→ **Problem requirements**
In the entries that follow, the first line to write out is the one containing "沖縄全島エイサー祭りとオリオ", and the last is the one containing "Candi Sewu. Temple in Prambanan, Indonesia". Reproduce that stretch exactly, with nothing before or after it.

BEGIN Input records

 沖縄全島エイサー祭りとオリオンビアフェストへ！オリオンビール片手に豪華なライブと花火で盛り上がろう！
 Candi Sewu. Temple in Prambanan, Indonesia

END Input records
BEGIN Input records

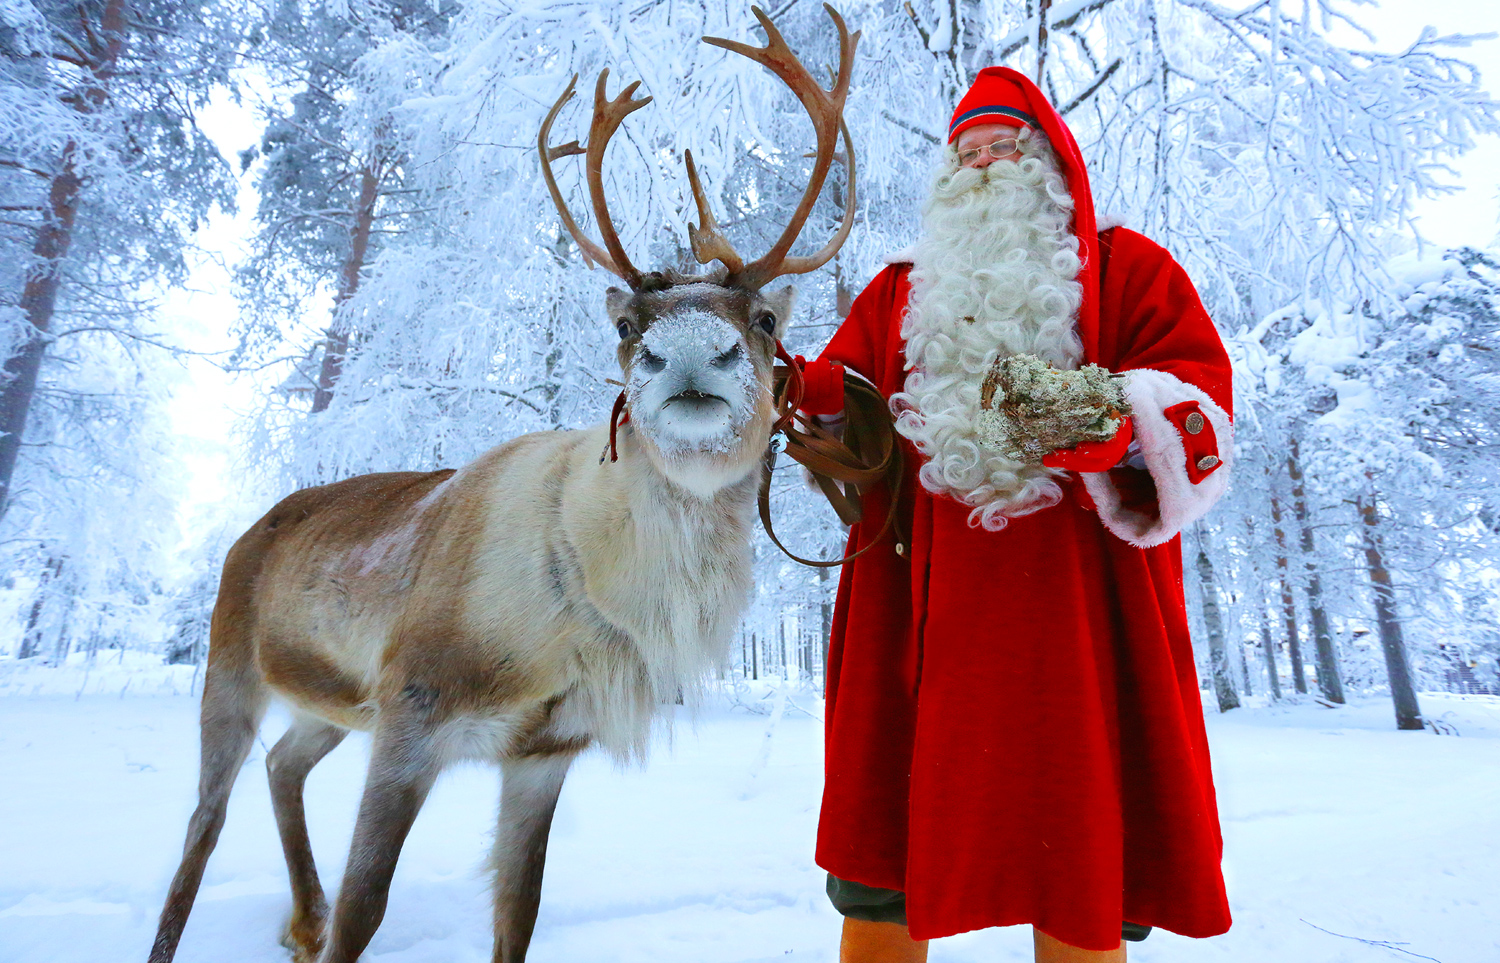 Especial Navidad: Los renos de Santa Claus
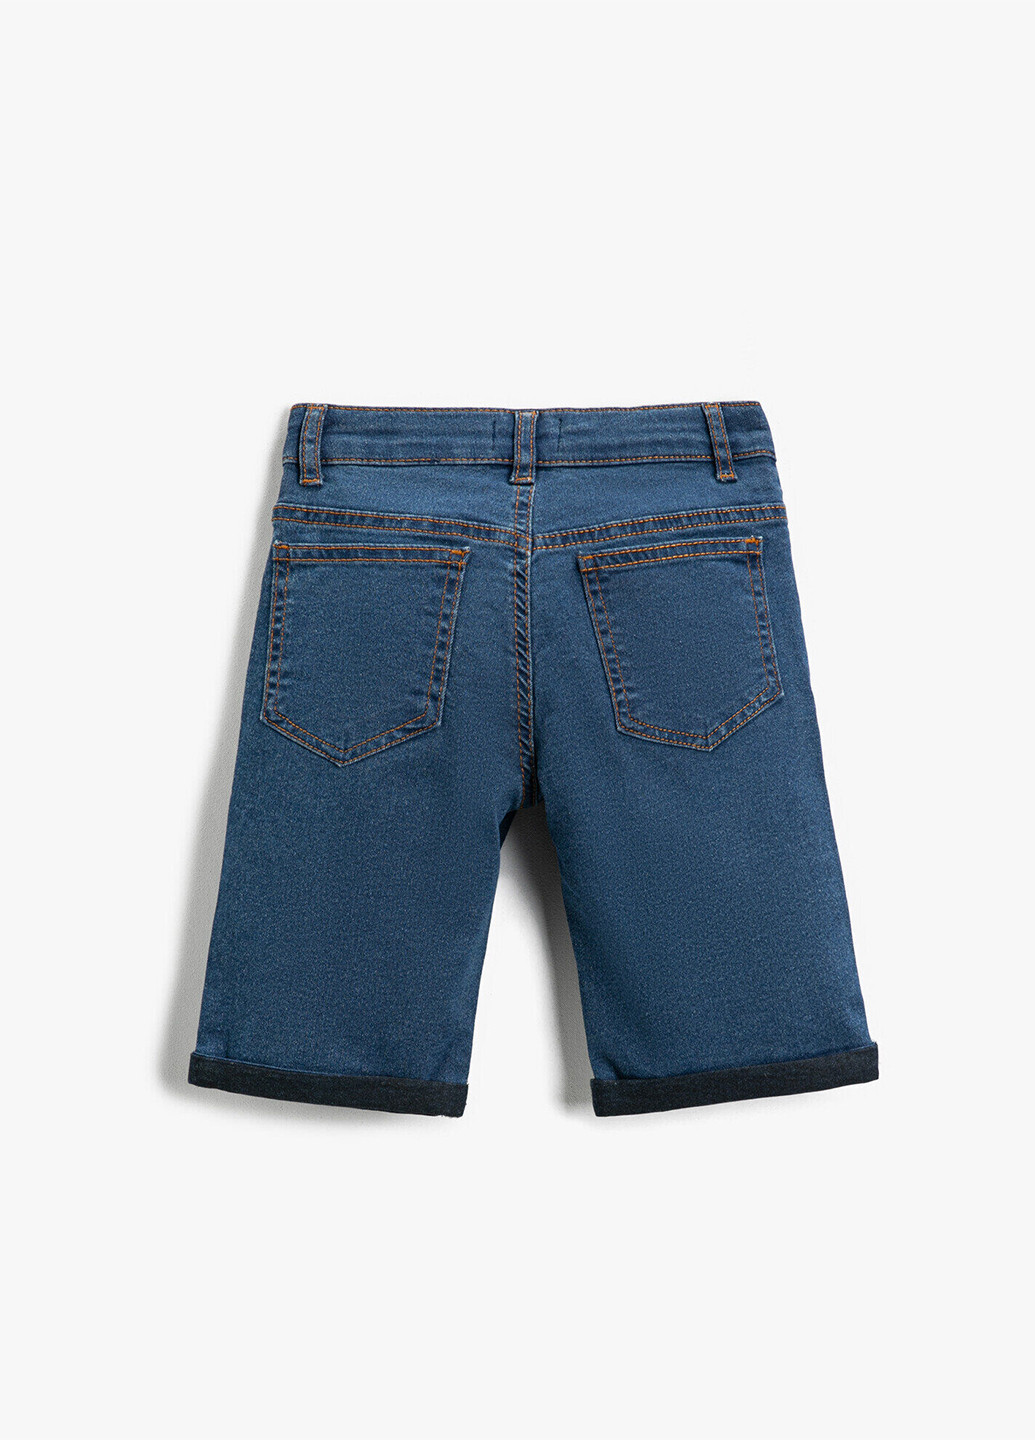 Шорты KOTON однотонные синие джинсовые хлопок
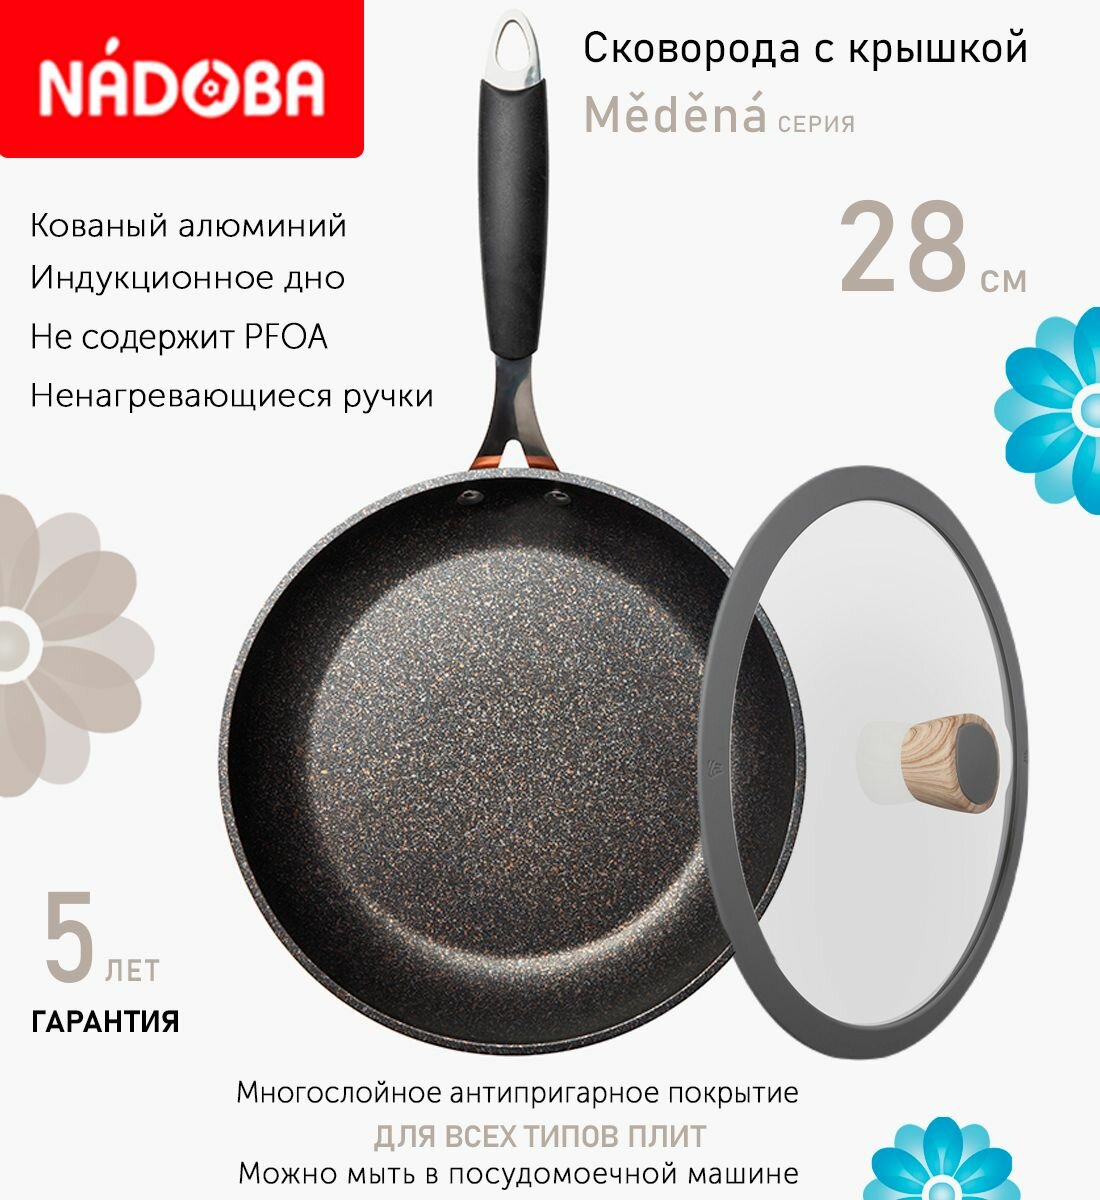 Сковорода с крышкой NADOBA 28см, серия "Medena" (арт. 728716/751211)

END Input records

→ **Written reply**
 沖縄全島エイサー祭りとオリオンビアフェストへ！オリオンビール片手に豪華なライブと花火で盛り上がろう！
 Candi Sewu. Temple in Prambanan, Indonesia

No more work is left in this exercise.